Some may need to clean up their acts

“How was Thanksgiving?” I asked as Tanya and I started our coaching session.

“We had a wonderful time with family and friends,” she said. “We had 19 people over for dinner, and then played a game of football in the park.”

“No one napped after the turkey dinner?” I asked, smiling.

“Some of the men took naps while we cleaned up,” Tanya said and paused. “I feel bad about saying this because it sounds like I’m not grateful.”

“Go on,” I encouraged, sensing irritation in her voice.

“I don’t mind shopping, preparing and decorating for family celebrations,” she said. “I don’t even mind cleaning up. What I DO mind is when I feel it’s expected for me and the other women to clean up the dishes and watch the men and boys sit around talking, laughing ... and napping, as though they somehow expect that the women should clean up after them.”

“I can see how that would be irritating,” I said. “Tell me what it feels like when this happens.”

“It feels unfair and wrong,” Tanya said. “There seems to be a belief that cleaning up is ‘women’s work.’ It’s an unspoken thing that it’s OK for the men to NOT help, and that’s what gets me. If I sat there and watched others clean up after me, I would feel inclined to help, and I think the other women would, too. I feel selfish and ungrateful to even think about this, especially when I know how very blessed I am.”

“Does Dave or anyone else in your family offer to help?” I asked.

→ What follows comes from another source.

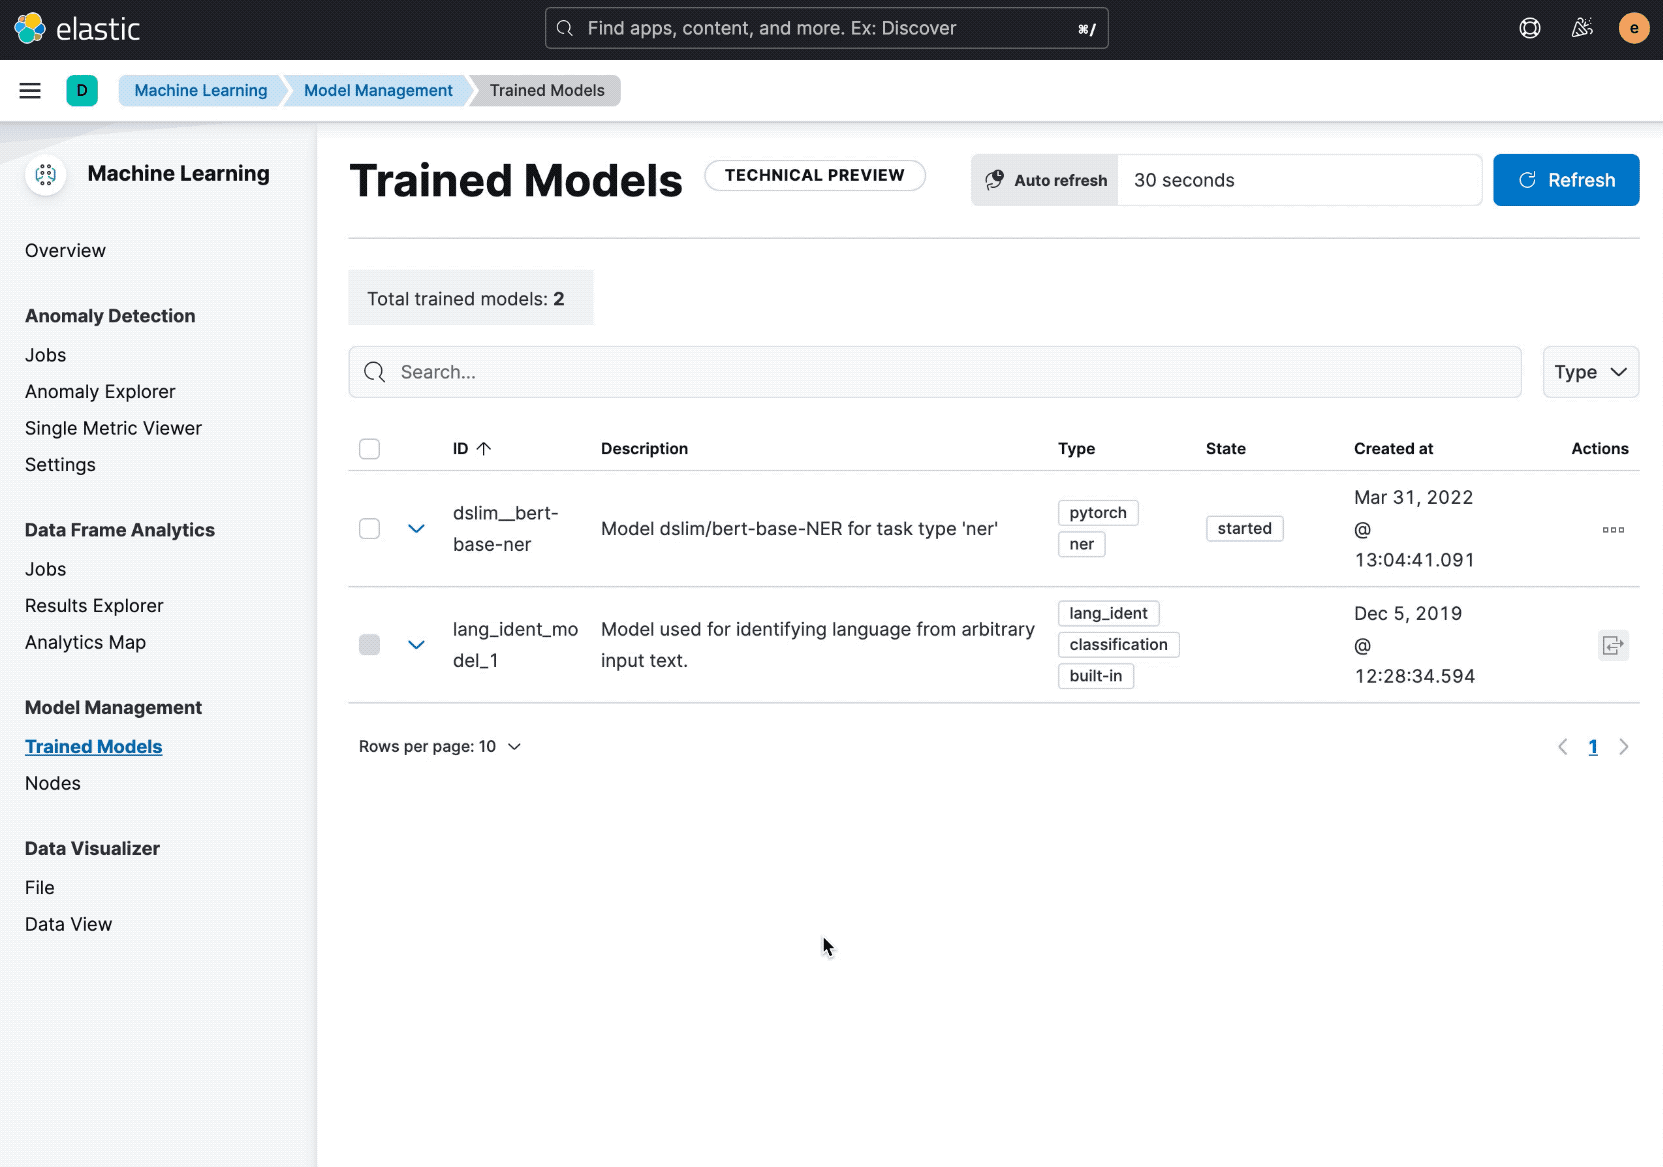 Testing trained models in the ML UI

“Dave is a great husband, but he rarely offers to help,” she said. “As for the family, the girls help and the boys don’t. This dynamic alone will perpetuate the problem. If my sons think it’s OK to let the women do the work, then this pattern will continue with their wives and daughters.”

“How would you like it to be?” I asked.

“I would like to see it be more equal before and after the event,” Tanya said. “Both Dave and I work full time, so it’s not like I am the Happy Homemaker and this is my job. I’d go even further than that, however. I’d want the expectations to be the same. That is, the men and boys are expected to get up and help too. I may not change it with the older generations, but it’s important to change it for my kids. Both the boys and the girls need to have equal expectations about helping.”

“What can you do to make this happen?”

“First I’ll talk to Dave to let him know how I’m feeling,” Tanya said. “Then I’ll suggest a family meeting to discuss expectations, not only for holiday meals, but year-round.”

“That sounds like a great plan,” I said. “Will Dave be open to these ideas?”

“I think he’ll be open,” Tanya said. “He’ll probably be embarrassed, but this has been going on for generations and needs to be addressed.”

“I’m still very grateful this holiday season,” Tanya continued. “But I’ll be even more grateful if I know I’m making a difference with my kids and the expectations they carry forward into their families in the future.”

Coaching challenge: What are the dynamics in your family regarding household duties?

If something seems unequal, take time to discuss your feelings and expectations with others to gain clarity and understanding between you.